The idea behind this toy example (which you shouldn't mistake for anything like how anybody would transfer money) is it's trying to get better concurrency by locking on the individual accounts involved in the transfer, because for a lot of transfers the accounts involved aren't involved in other concurrent transfers and you'd like to be able to process them concurrently and maximize your concurrency by minimizing the scope of the locking going on to the individual accounts. But this scheme runs into trouble if some account is involved in multiple concurrent transfers and the locks are acquired in a different order for some transfers.
First, it should be noted that the example you have brought (based on your comment, it's page 208, listing 10.2) is a bad example - one that ends in a deadlock. The objects are not locked one after the other to prevent dynamic lock order deadlock, they are an example of where dynamic lock order will happen!
Now, you are suggesting locking on this, but what is this this anyway, and what is the scope of locking?
It's clear that the same object has to be used for all operations - withdraw, deposit, transfer. If separate objects are used for them, then one thread could do a deposit on account A, while another thread transfers from account A to account B, and they won't be using the same lock so the balance will be compromised. So the lock object for all accesses to the same account should be the same one.
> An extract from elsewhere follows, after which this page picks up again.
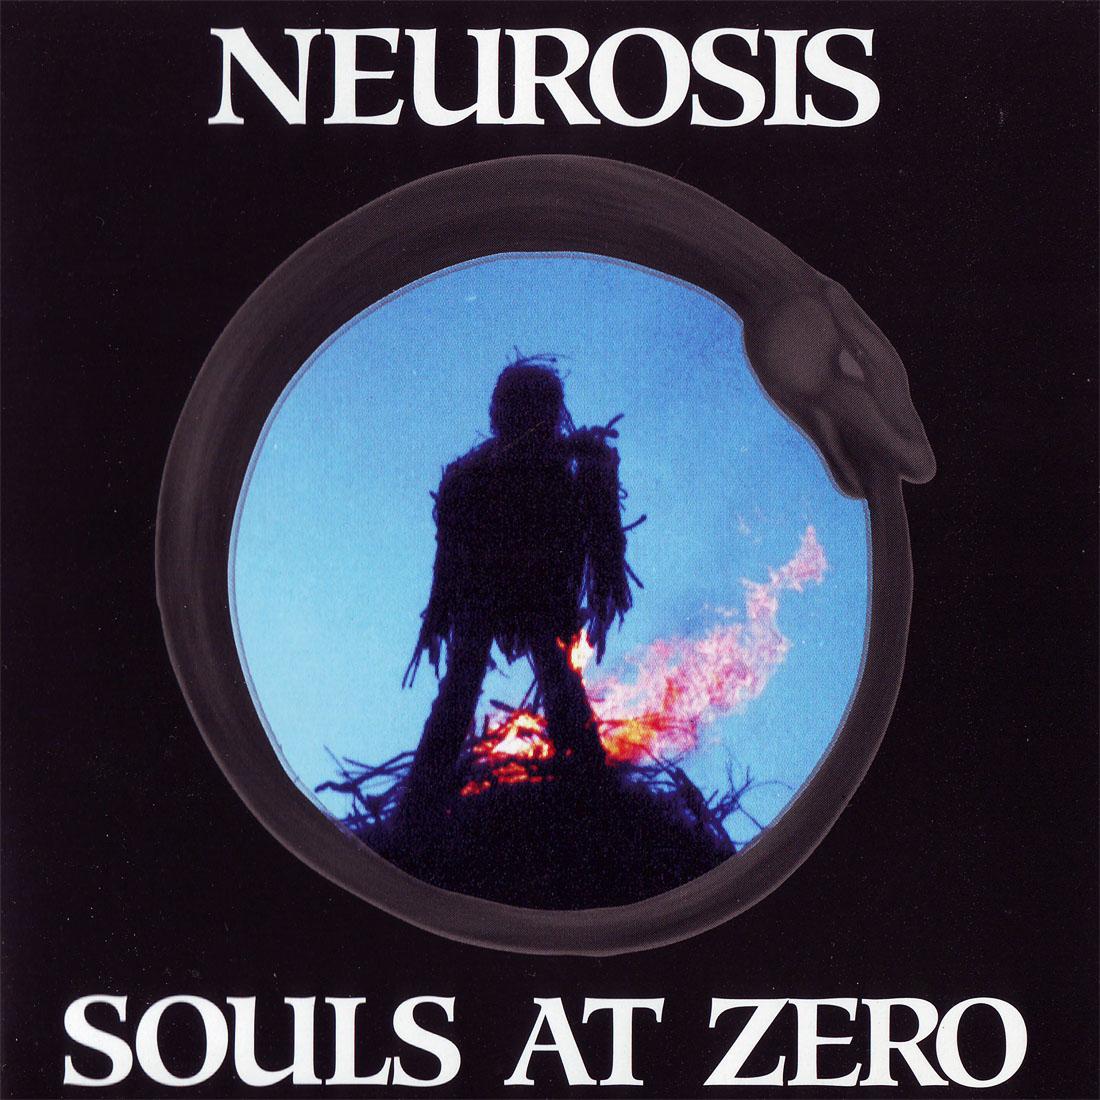 NEUROSIS - Souls at Zero cover
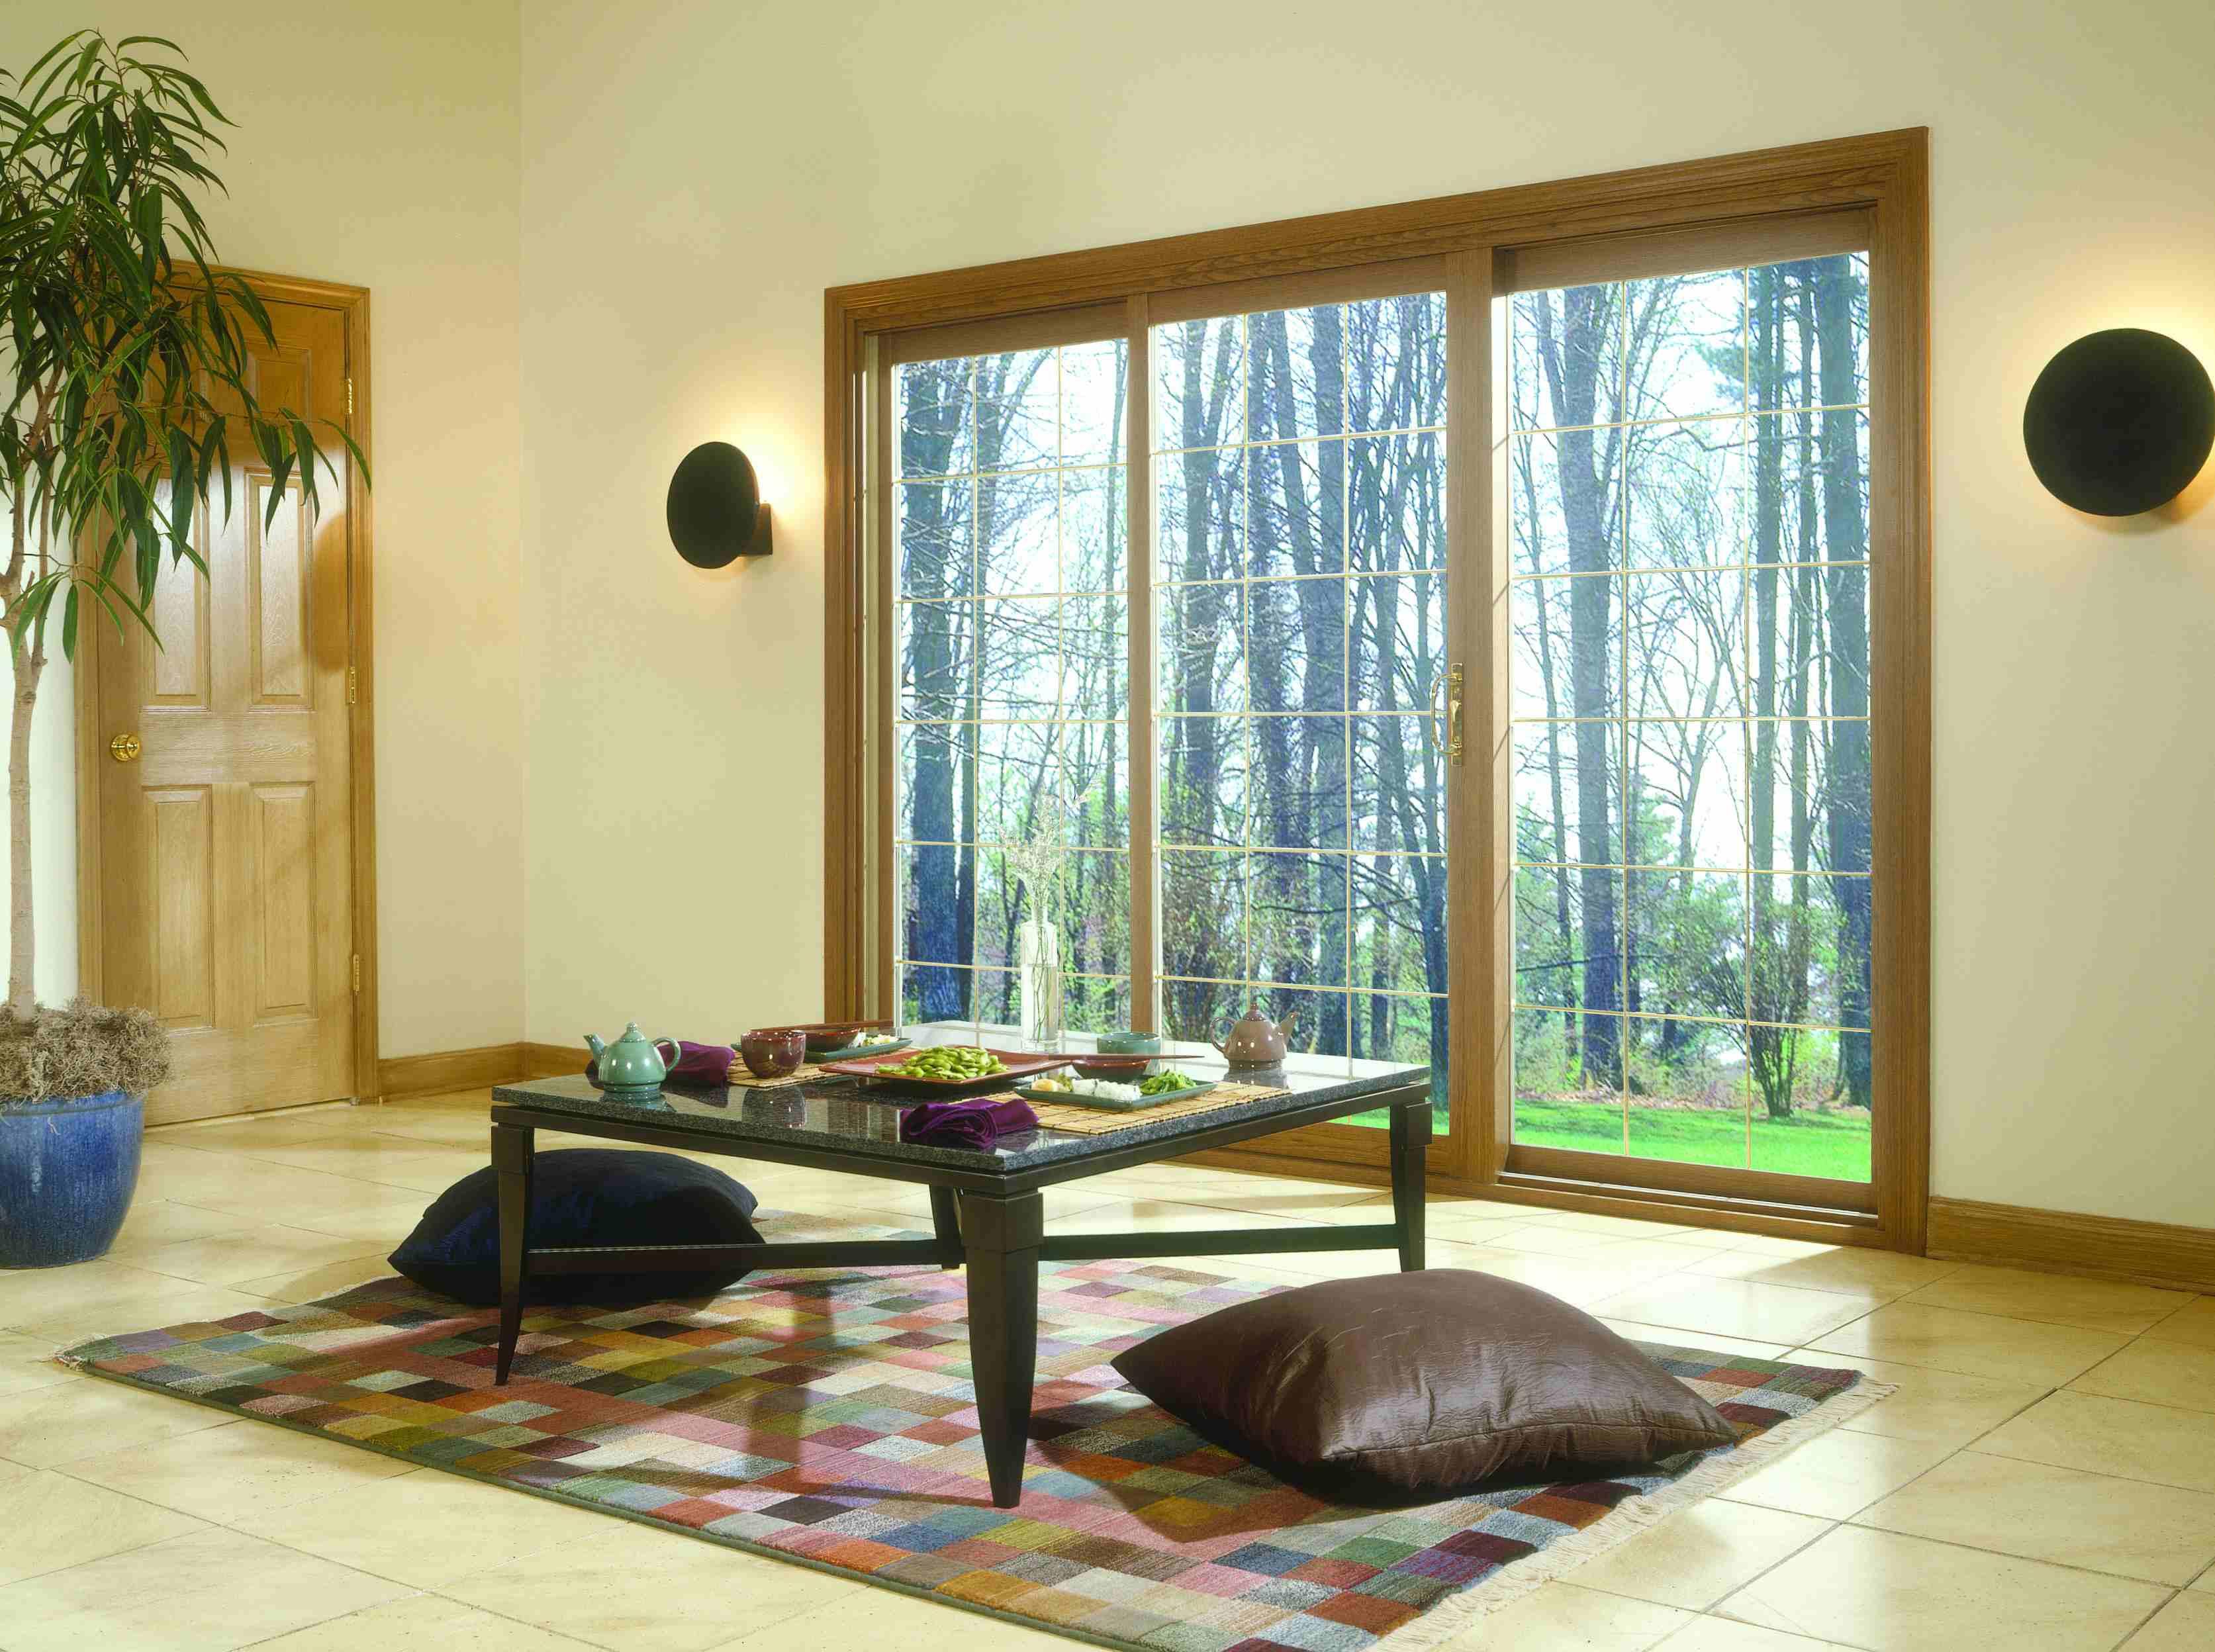 Room with panoramic patio doors minimalistic room with panoramic patio doors planetlyrics Gallery

As Nathan Hughes explained, one needs to localize the locking. We can't use one central lock object for all the accounts, or we'll have them all waiting for each other despite not actually working on the same resources. So using a central locking object is also out of the question.
So it appears that we need to localize the locks so that each account's balance will have its own lock, so as to allow parallel operations between unrelated accounts, but that this lock has to be used for all operations - withdraw, deposit and transfer.
And here comes the problem - when it's just withdraw or deposit, you are operating on just one account, and so you need to just lock that account. But when you transfer, you have two objects involved. So you need to have both their balances locked in case there are other threads that want to operate on either.
Any object that holds a single lock for two or more accounts will break one of the two points above. Either it won't be used for all operations, or it will not be localized enough.
This is why they are attempting to lock the two locks one after another. Their solution was to make the Account object itself the lock for the account - which fulfils both the "all operations" condition and the "locality" condition. But still we need to make sure we have the locks for both accounts before we can transfer the money.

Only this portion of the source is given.